42% of the organizations contemplate developing their own proprietary large language model pointers from a US-based CIO survey for Indian enterprises looking to adopt Gen AI.
Recognize, a technology investment platform that focuses exclusively on the tech services industry, has shared some interesting findings from its recent CIO survey. The Recognize CIO Survey series is a regular panel of 500 CIOs in the US. The data from this survey helps track spending intentions, changes in technology, product preferences, strategic priorities, and talent challenges.
Most utilized Gen AI products in organizations
Regarding the most utilized Generative AI products within organizations, Recognize’s CIO survey results show that 82% of the organizations use ChatGPT most frequently. This is followed by Copy.ai at 29%, with open-source solutions close behind at 28%. Bard and Claude are utilized by 27% and 25% of respondents, respectively, while Jasper is used by 24%. Chatsonic, however, appears less frequently used, with just 16% of organizations implementing it.
Approach towards Generative AI
The survey also delved into organizations’ approach to Generative AI technologies such as ChatGPT and Bard. 43% of organizations report having already deployed them in an enterprise application or process. Meanwhile, 21% of respondents have individuals experimenting on their own. Prototyping for enterprise use and large projects underway account for 17% and 13%, respectively.
Interestingly, only 4% of organizations are not using Generative AI at all, and only 1% have explicitly banned its use.
Concerns- accelerating the deployment of Generative AI
When asked about the main concerns related to accelerating the deployment of Generative AI, security tops the list, with 52% of organizations expressing this concern. Complexity is the second primary concern at 39%. The need for hardware resources and the potential for inaccurate results garnered 33% of responses. The impact on jobs and sourcing talent to manage these systems is 31%. Lower return on investment is a worry for 20% of respondents.

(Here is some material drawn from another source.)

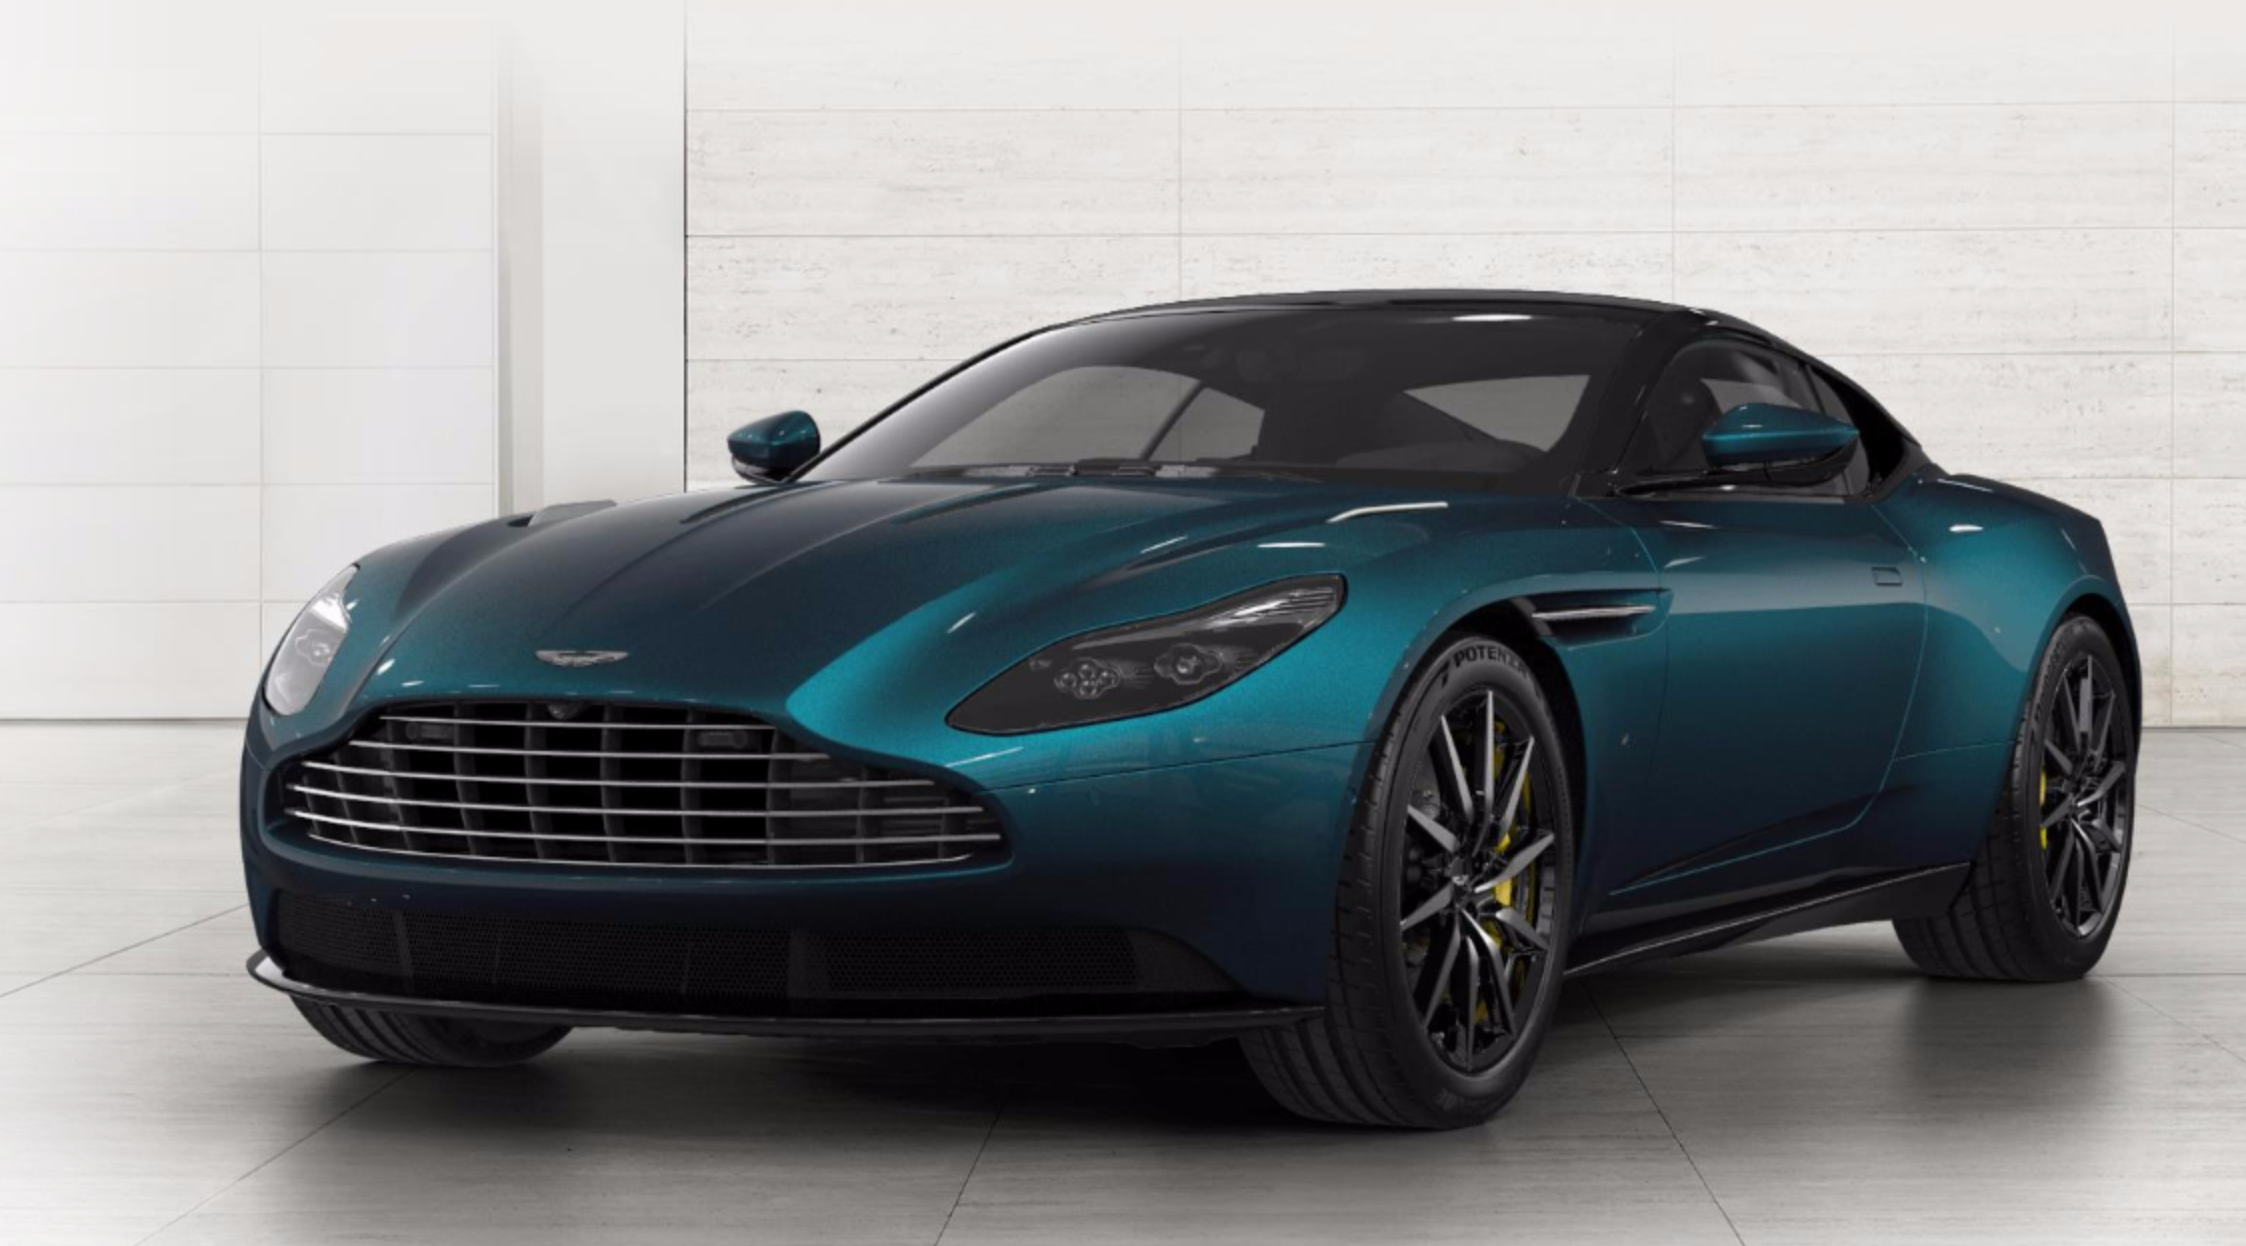 Aston Martin DB11: Most Beautiful Auto?  Ask Andy FORUMS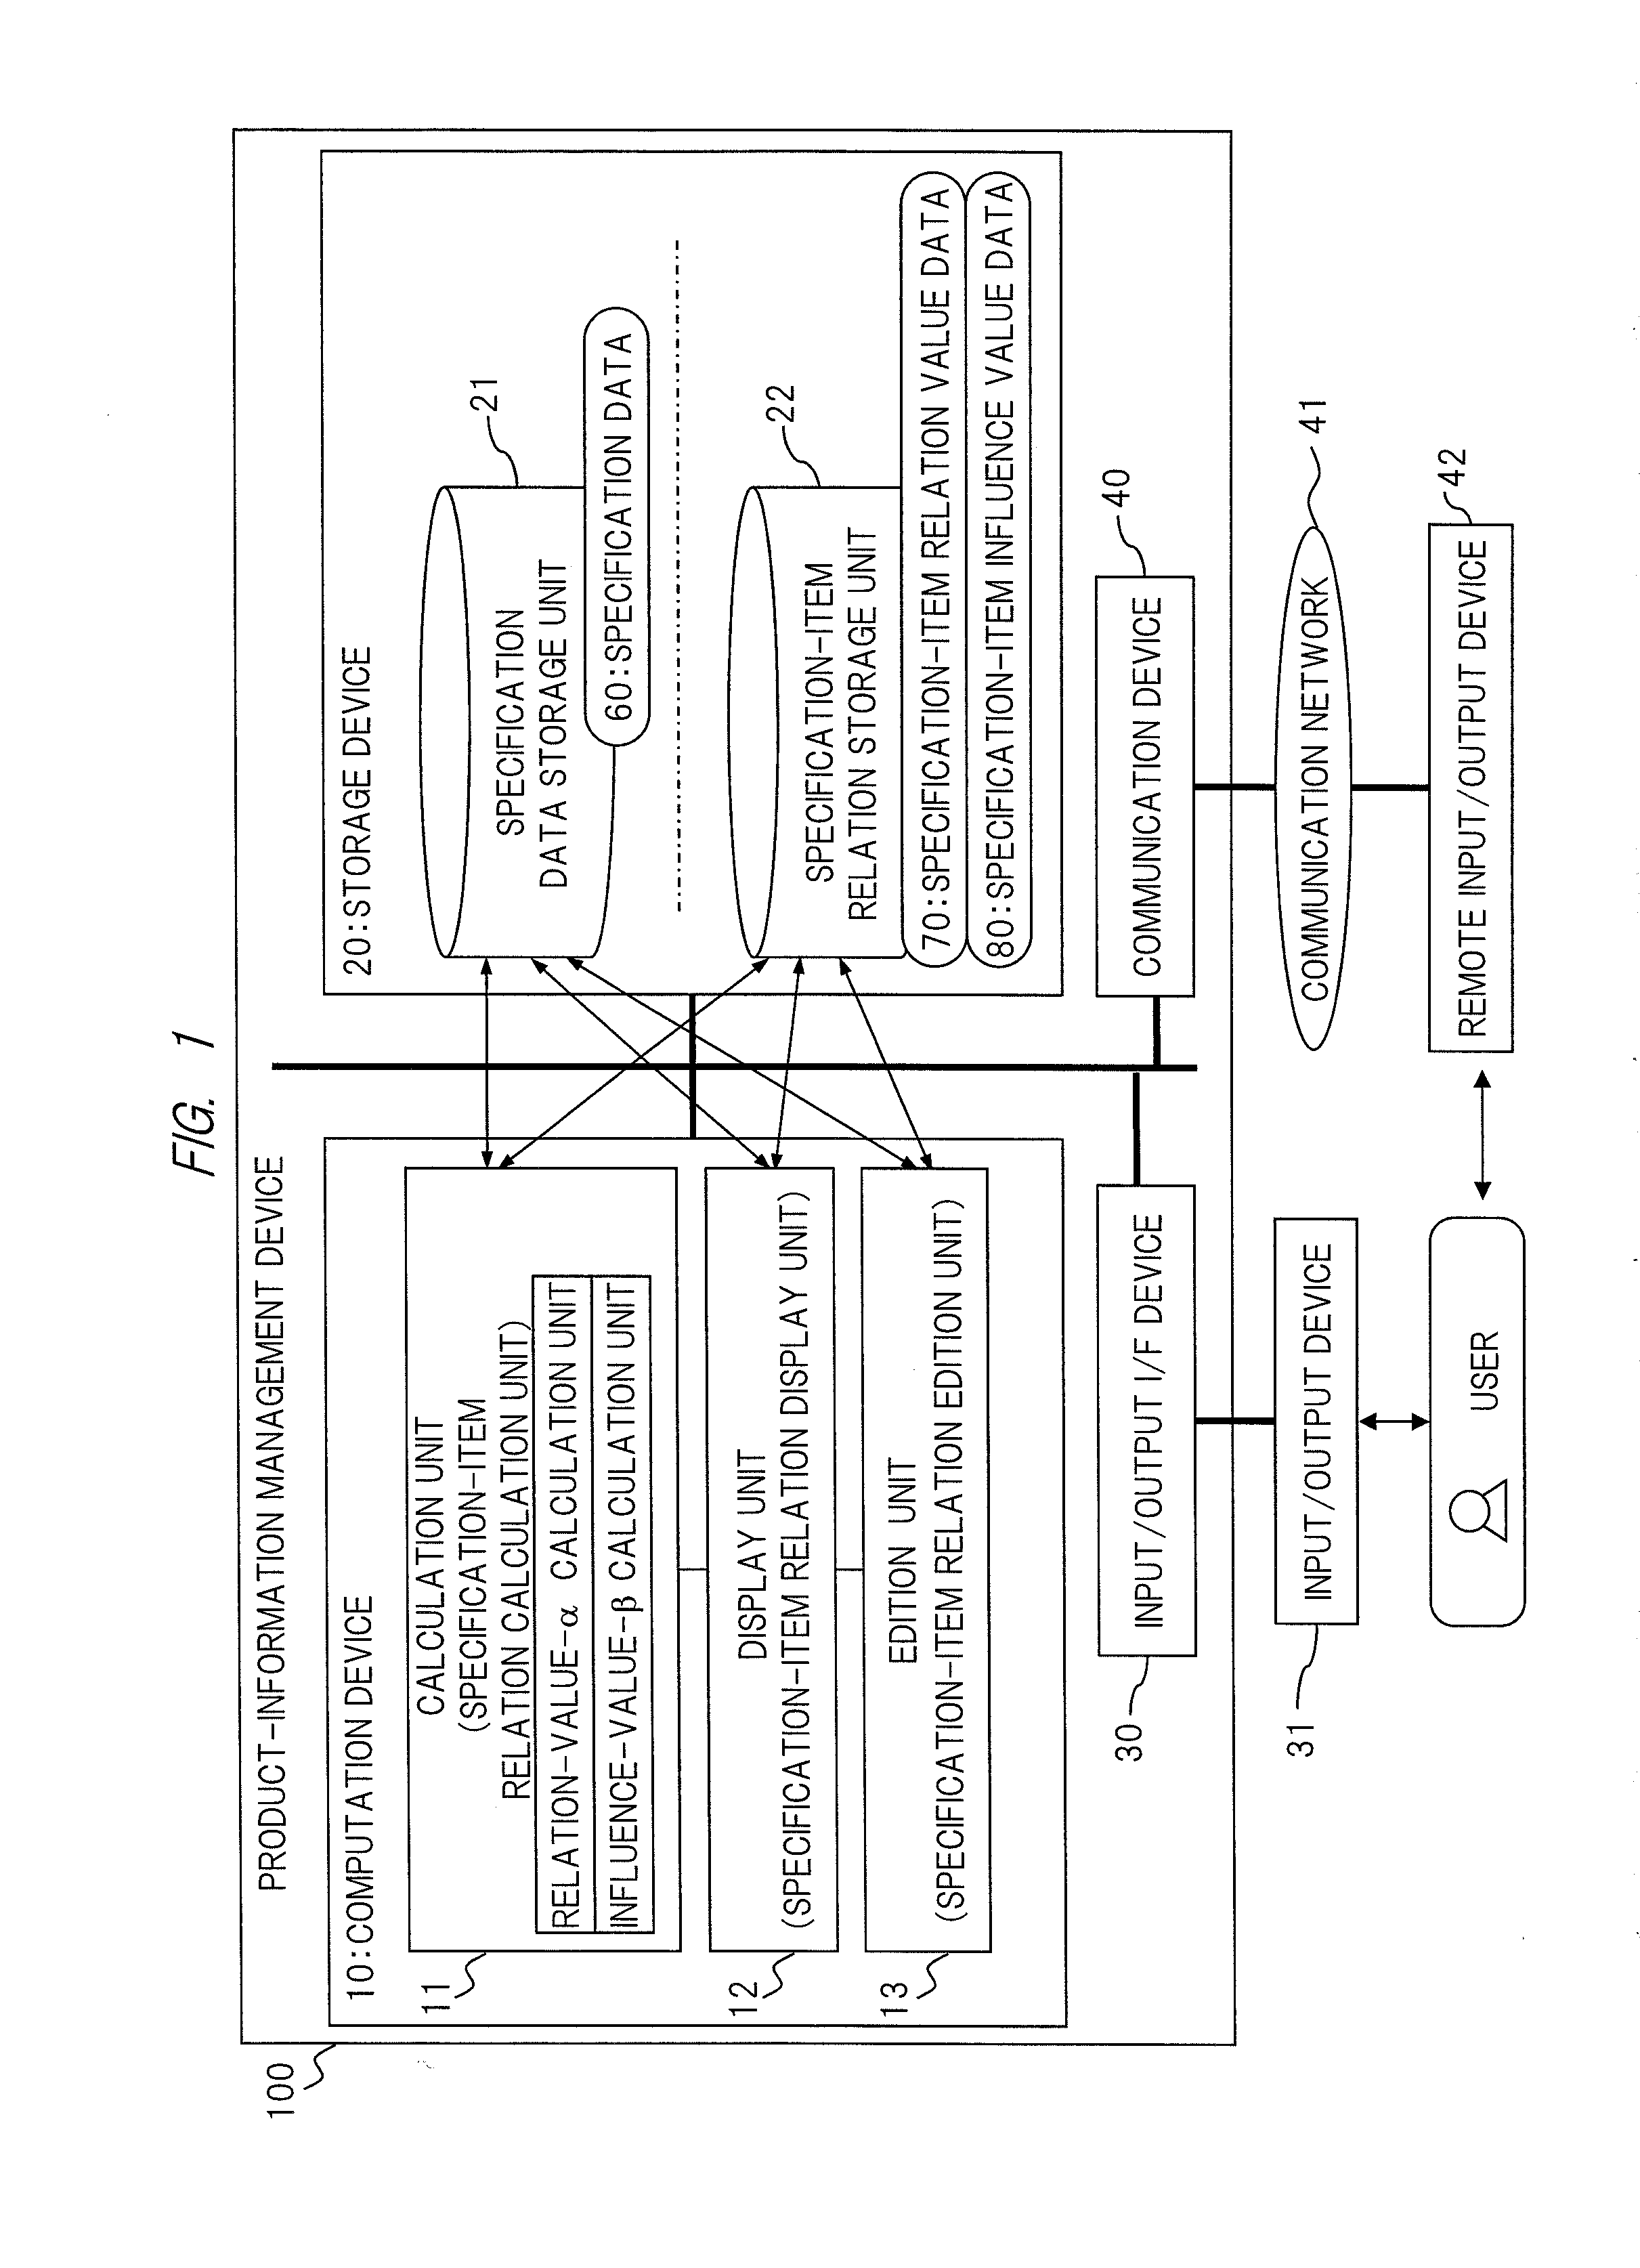 Product-information management device, method, and program

Interestingly, 8% express no material concerns or feel all concerns are manageable.
Building proprietary LLM
This survey reveals that many organizations are contemplating developing their proprietary large language models. A significant portion of respondents, 42%, confirmed they plan to do so, while another 41% still evaluate or consider this possibility. Only 7% indicated they have yet to make plans to build their own proprietary large language model.
Future of AI- impact of AI on companies in the next two years
Respondents hold largely positive views when asked about the expected impact of AI on their organization over the next two years. 46% of the companies predict AI will lead to significant use cases that drive productivity. 24% foresee select use cases without a major impact. A significant 22% expect a transformational impact from AI. Conversely, a small fraction of organizations, 7%, do not anticipate much impact from AI.